I’ve been on a bit of a roller coaster since the end of October.  I haven’t stopped losing or exercising or tracking or going to meetings…I’ve just been up and down.  And that’s hard to admit!  Still managing an average weight loss of about .75 pounds a week; still managing to exercise 5 days a week, always tracking, not missing any meetings…and yet…

The “spark” that I had in the beginning of this journey just hasn’t been there for a while.  I’ve had to stop and really look at my motivation, my desire, my goal for this whole process.  I was starting to feel deprived in some weird way.  Like I wasn’t ever going to get to eat and enjoy the things I love (how dumb is that-I’ve been eating them all along!).  Or that I would always fight this feeling of never being good enough…no, never being perfect enough.  I’d started to look at the huge amount of weight still to lose and began to wonder if the rest of the battle was worth it or if I could just stop and be satisfied with what I had accomplished.  After all, I feel so much better, my clothes fit better, my doctor says I’m in better health, people tell me I look better…

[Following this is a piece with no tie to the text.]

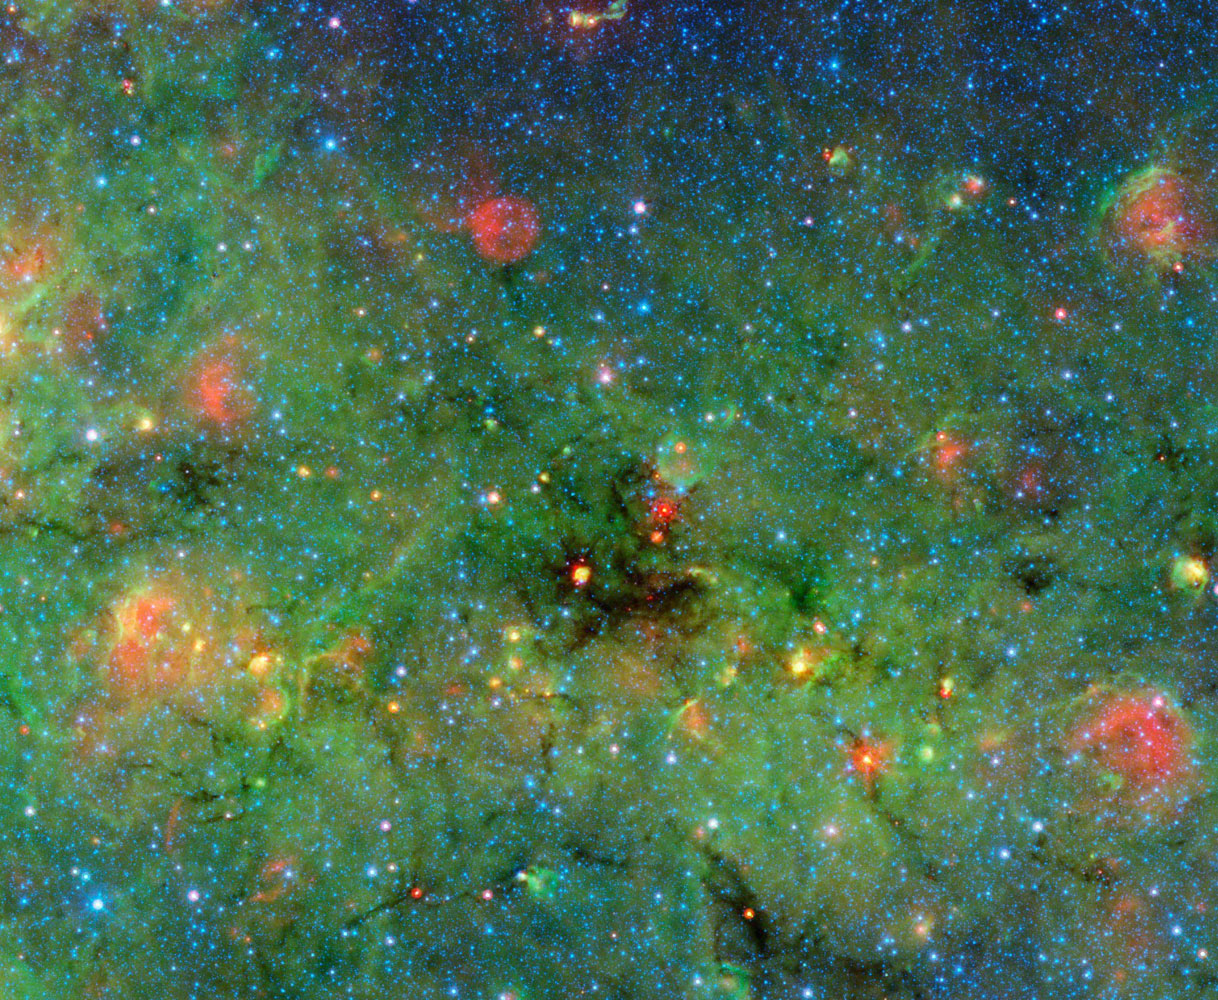 A huge cosmic cloud of gas and dust which will likely evolve into one of the most massive young clusters of stars in our galaxy is shown in an image obtained on May 22, 2014. The densest clumps will blossom into the cluster's biggest, most powerful stars, called O-type stars, the formation of which have long puzzled scientists.

But there have been some challenges along the way…most recently some health challenges.  Not anything major, just mostly the effects of having lived a sedentary lifestyle for the past 25+ years and carrying around nearly 150 pounds of extra weight for all that time (I guess that’s pretty major).  The last couple of weeks have had me contemplating and refocusing.  When challenges arise or things change in my life, particularly when they change in ways that I don’t understand or desire (!), I really have to take a step back, process the information, line it up with God’s Word and try to make sense of it…and I know I can’t always make sense of it.  The biggest problem is that I think I can do all of the changing…all of the processing…all of the FIXING.  I’ve been a fixer…always have been.  I don’t want people to be unhappy; I don’t like confrontation; I don’t like change.  I want to make things right for everyone.  And things in our lives are not always sunny and rosy and right.  We are going to face challenges, defeats, disappointments and CHANGE. 

Yet…in the midst of the challenges and the changes, there is one constant in my life that I know never changes.  One constant that always succeeds in getting me back on track.  When I align myself with God’s Word and His Ways, no matter the challenges, He will see me through.  There’s great comfort, peace and assurance for this weary soul in that promise.  Is there for you?